I've got a treadmill as well as a membership to a nearby gym with a swimming pool. I know I would feel so much better if I would walk and swim, but I haven't been able to kick myself in the butt (gently, of course) and go do it. I just don't have any motivation at all (you would think feeling better would be motivation enough). I need to lose some weight, which I know would make me feel better about myself (as well as take some stress off my back). I think after I end the pity party I'll probably make a plan to go the gym, float in the pool, sit in the whirlpool, walk on the treadmill, etc. They've got some great classes there that are free to members (including yoga and tai chi).
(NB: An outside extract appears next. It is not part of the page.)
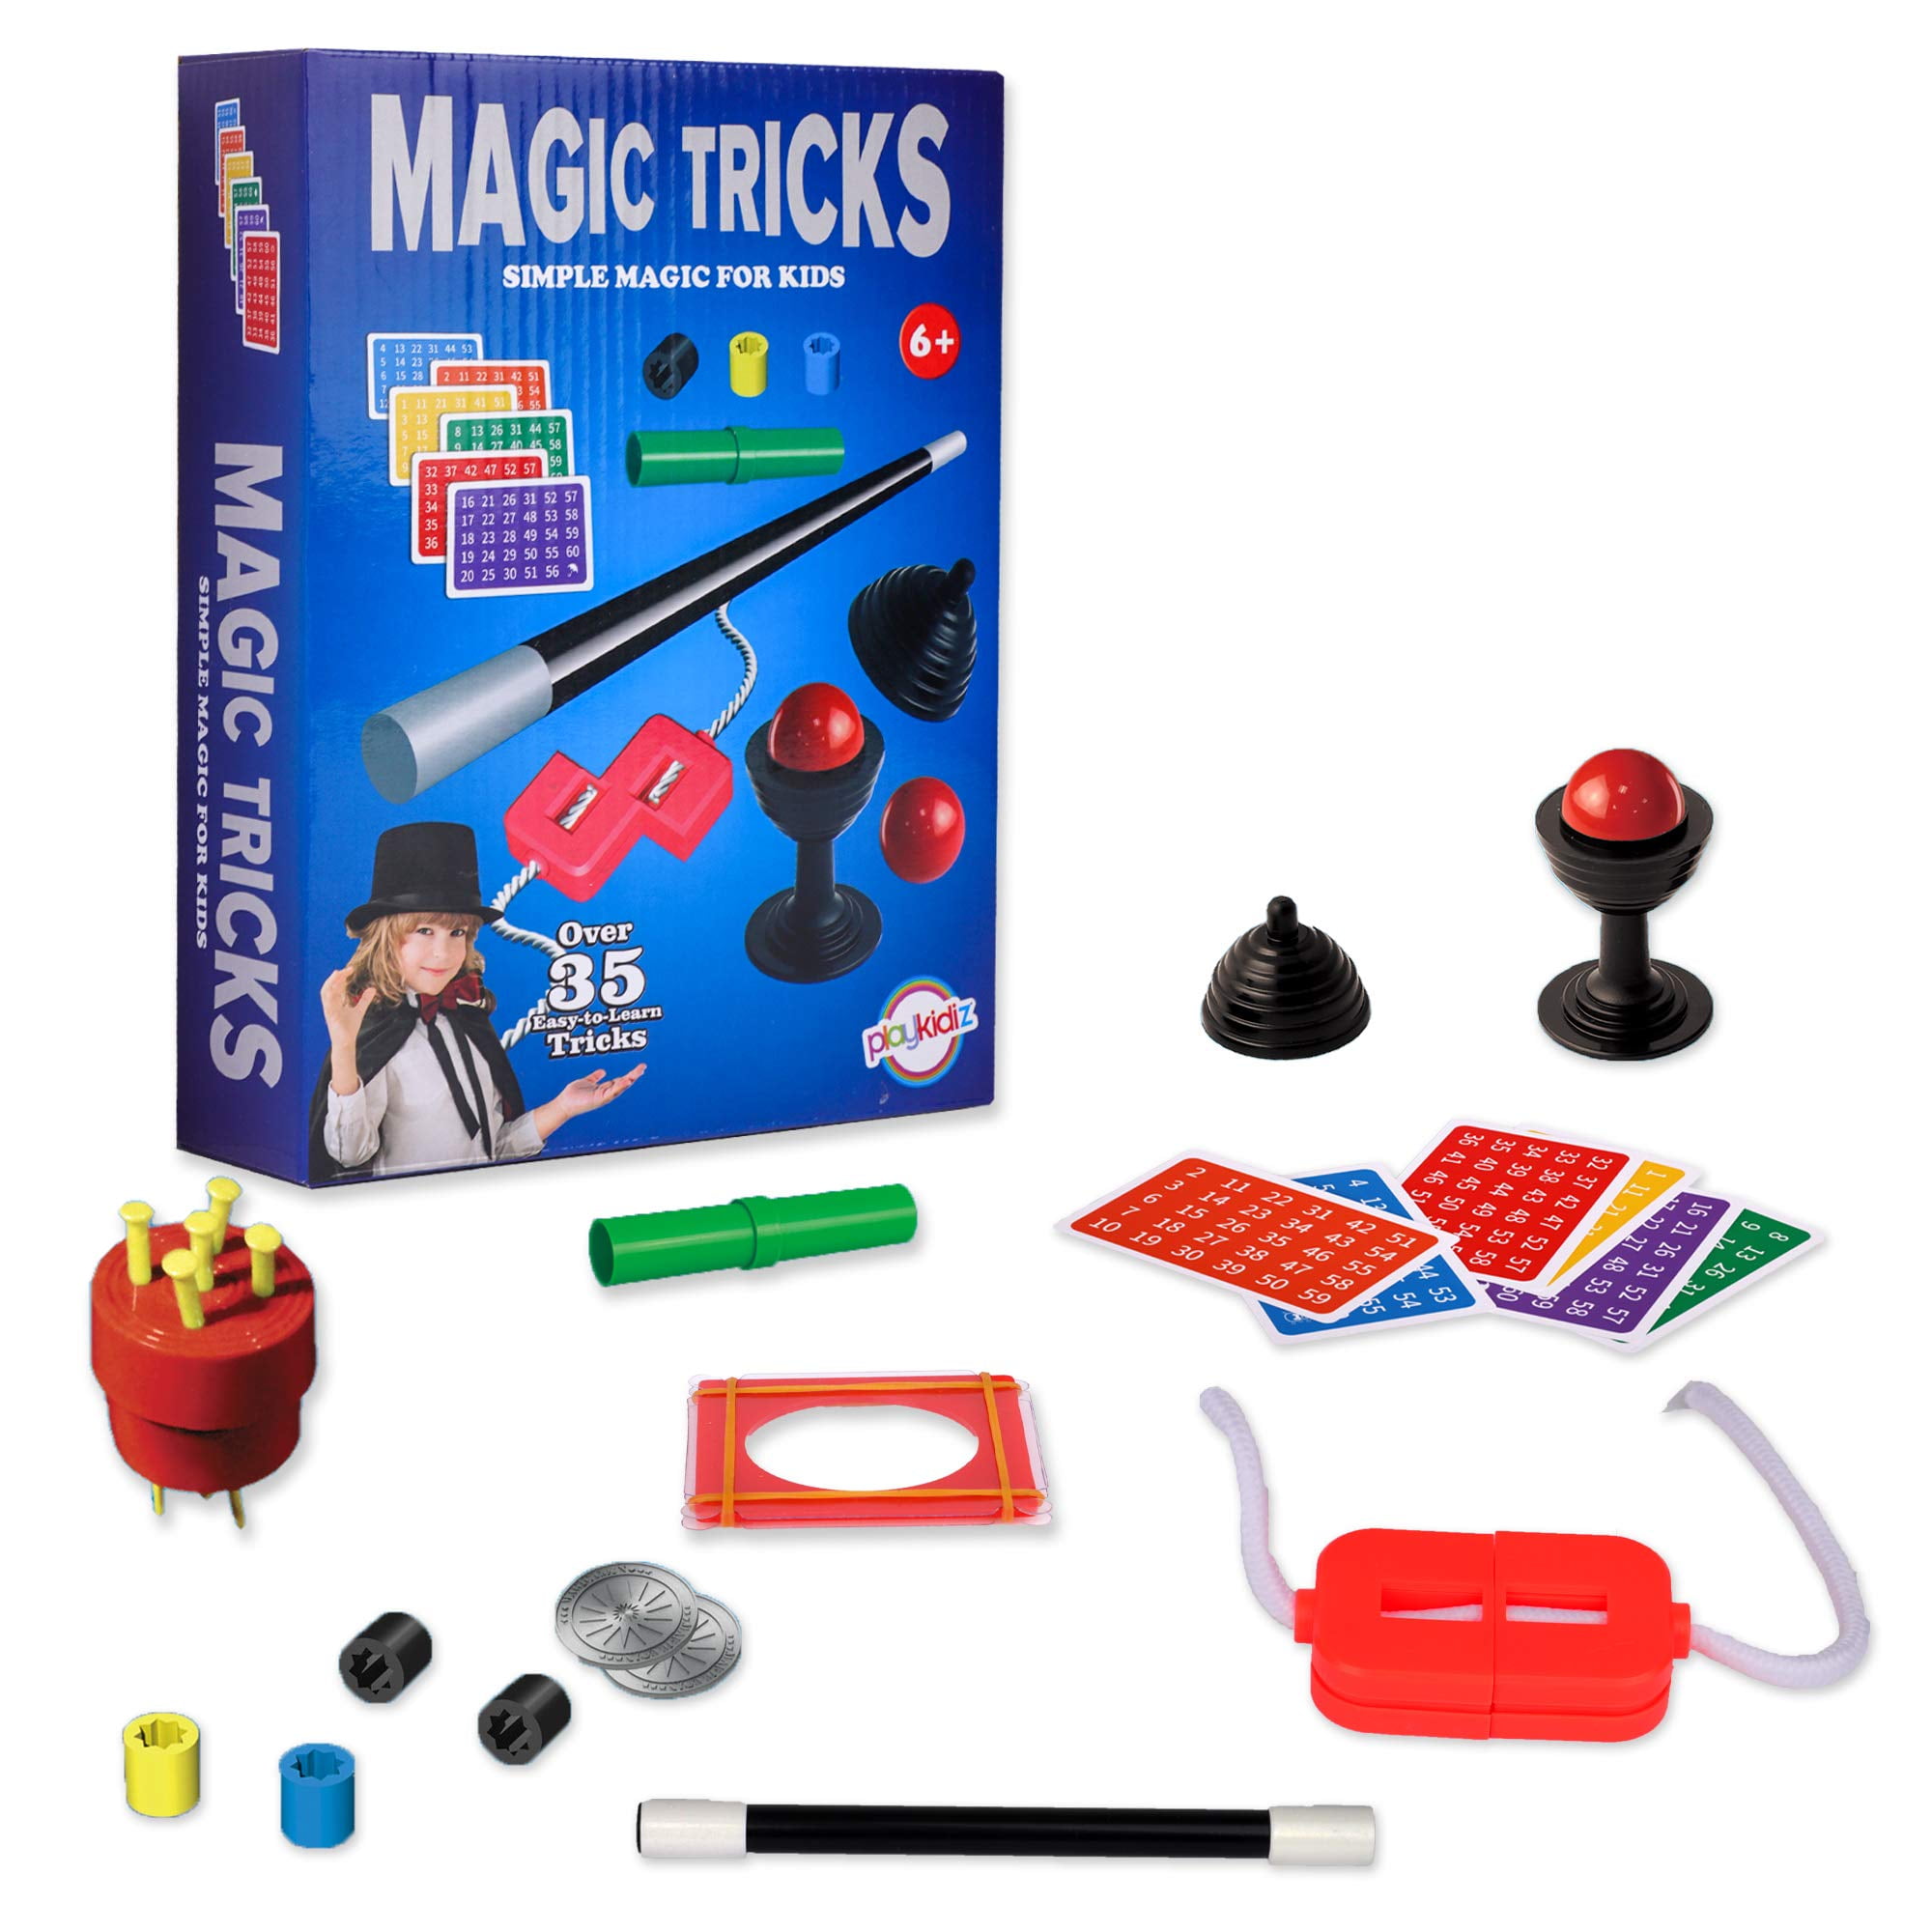 The Young Magician 50 Tricks Magic Set 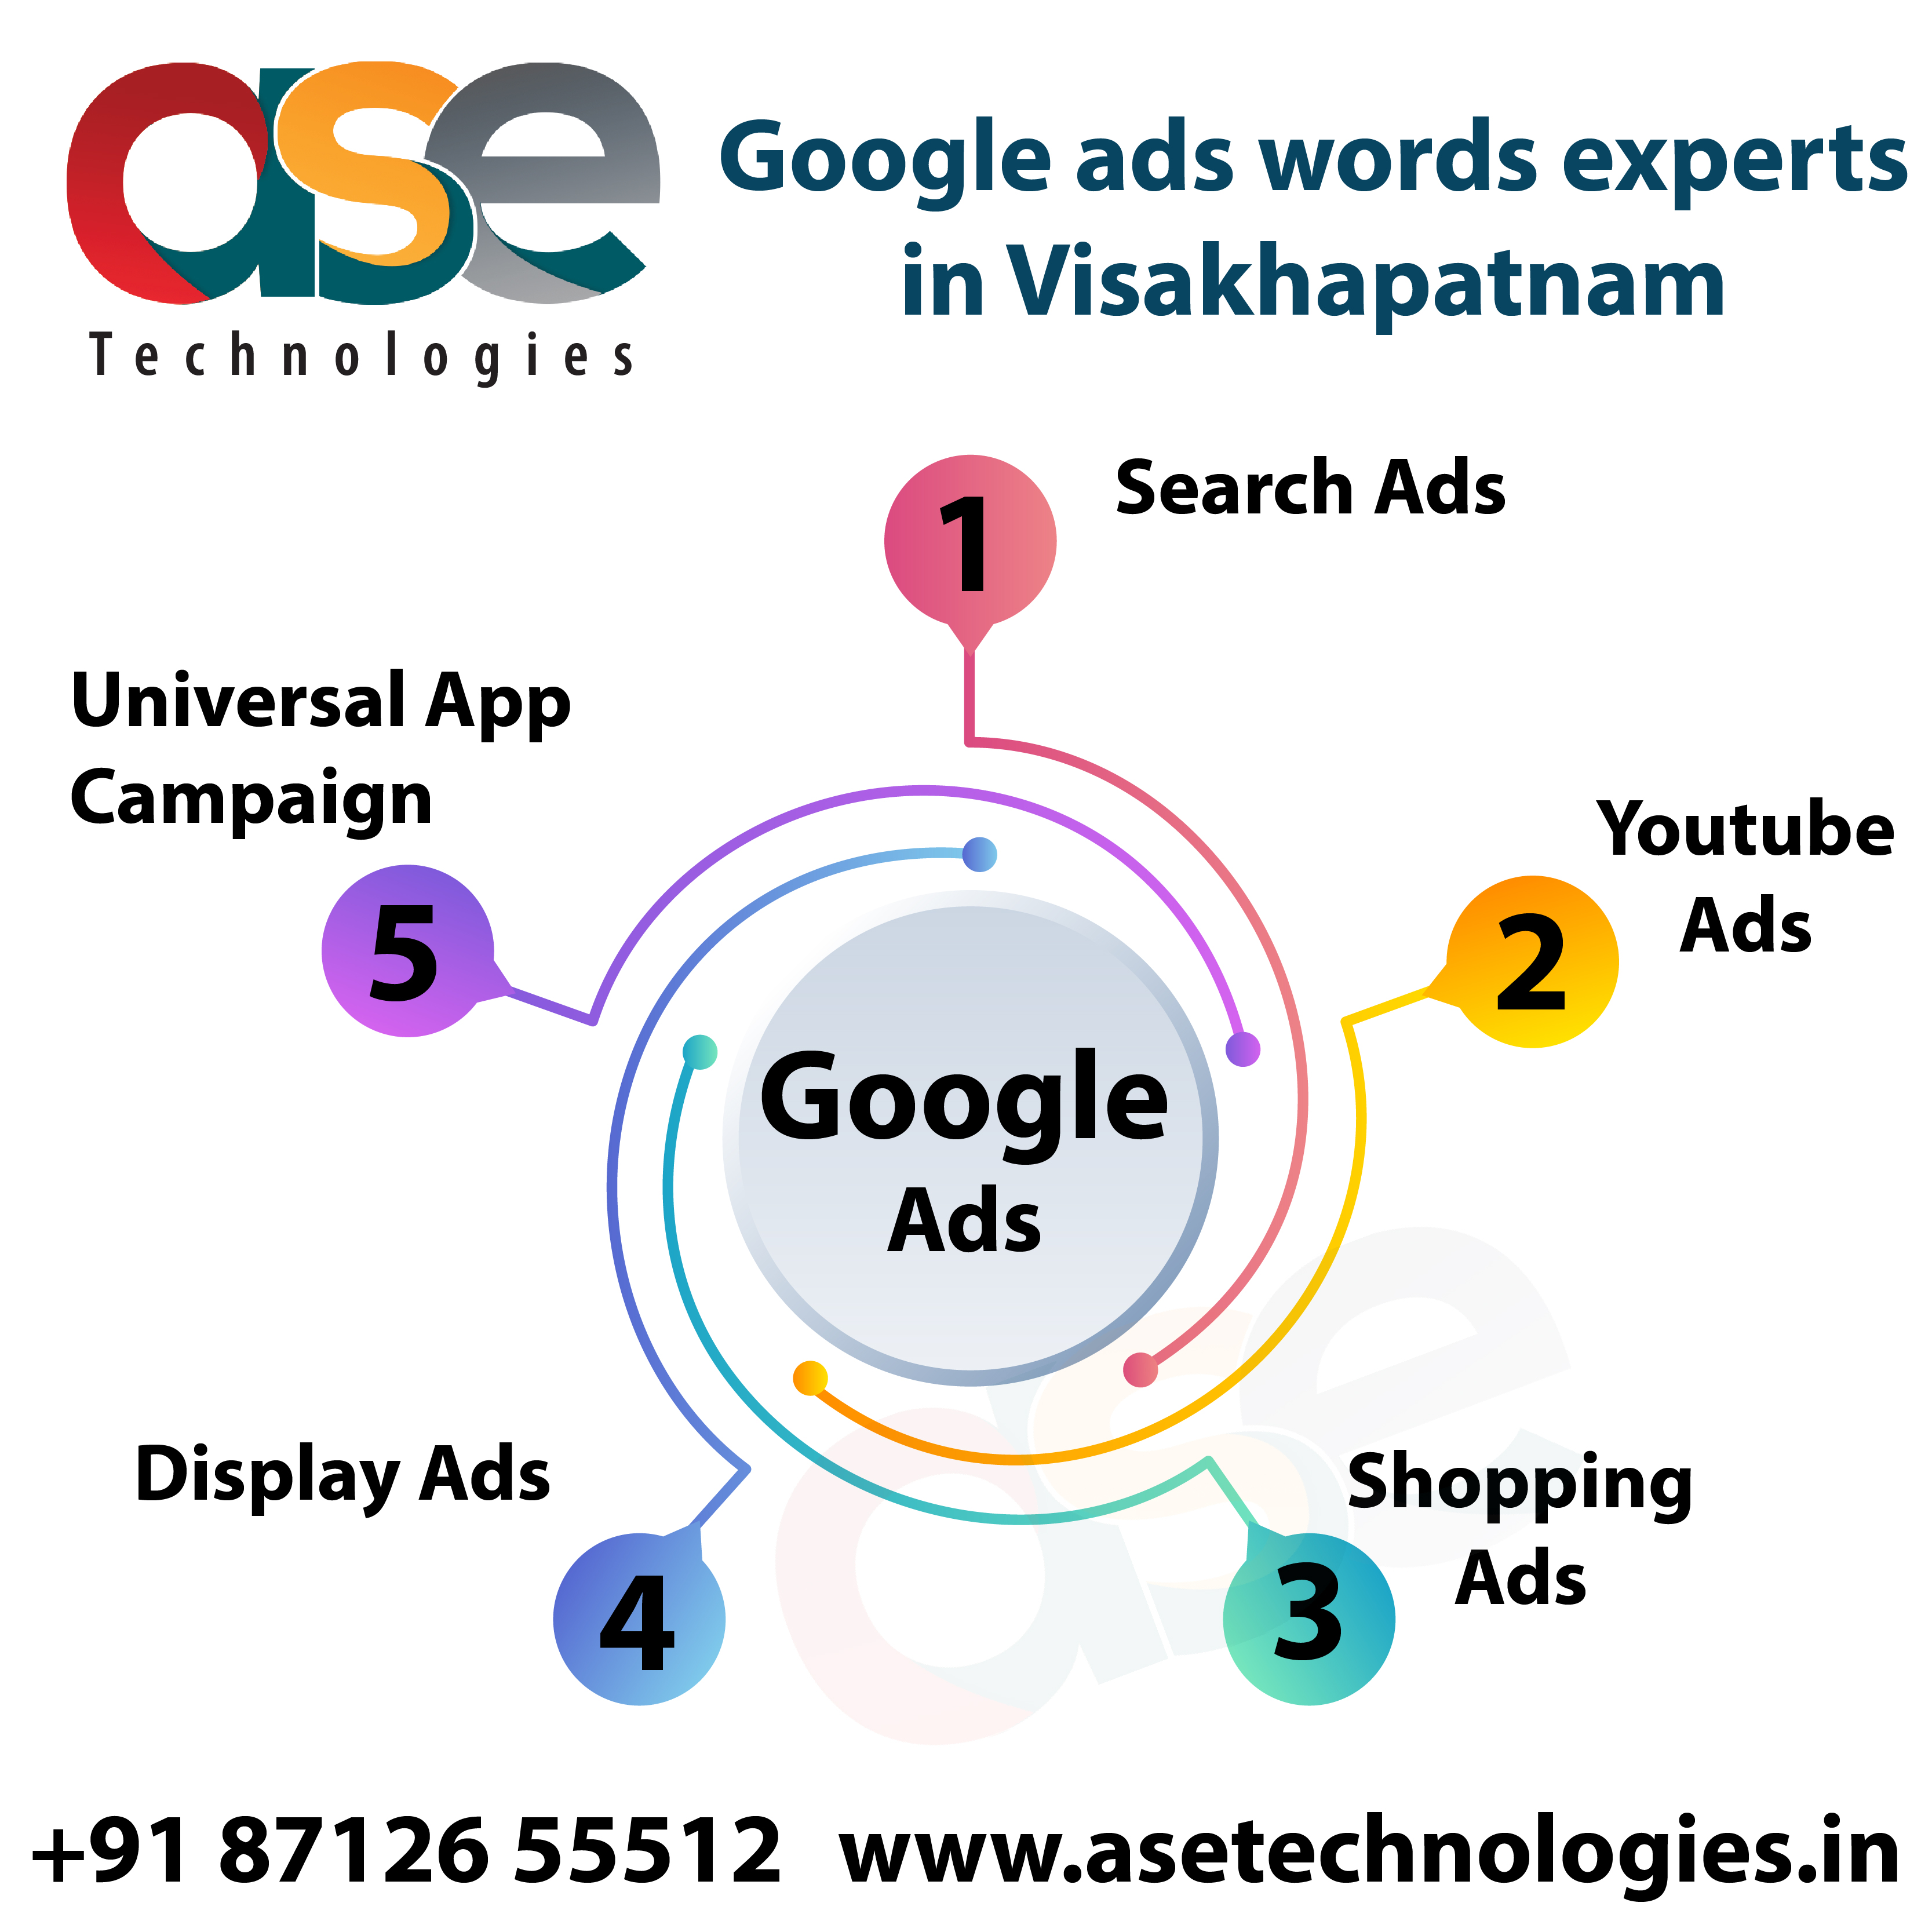 Google Adwords experts in Visakhapatnam

I'm not doing anything else, so I might as well spend some hours taking care of my body.

As far as doctors are concerned, I've seen my first surgeon (orthopedic), second surgeon (neurosurgeon), pain management doctor and family doctor. They are all saying pretty much the same thing - that I just need to deal with it. So, it's either continue with the TENS unit, spinal cord stimulator or acupuncture. Not the news I wanted to hear, as I figured after 5 years since my last surgery something new would have come down the pike to address my situation.

Oh well, nuff said. Thanks again everyone for writing - I'll try to post more often.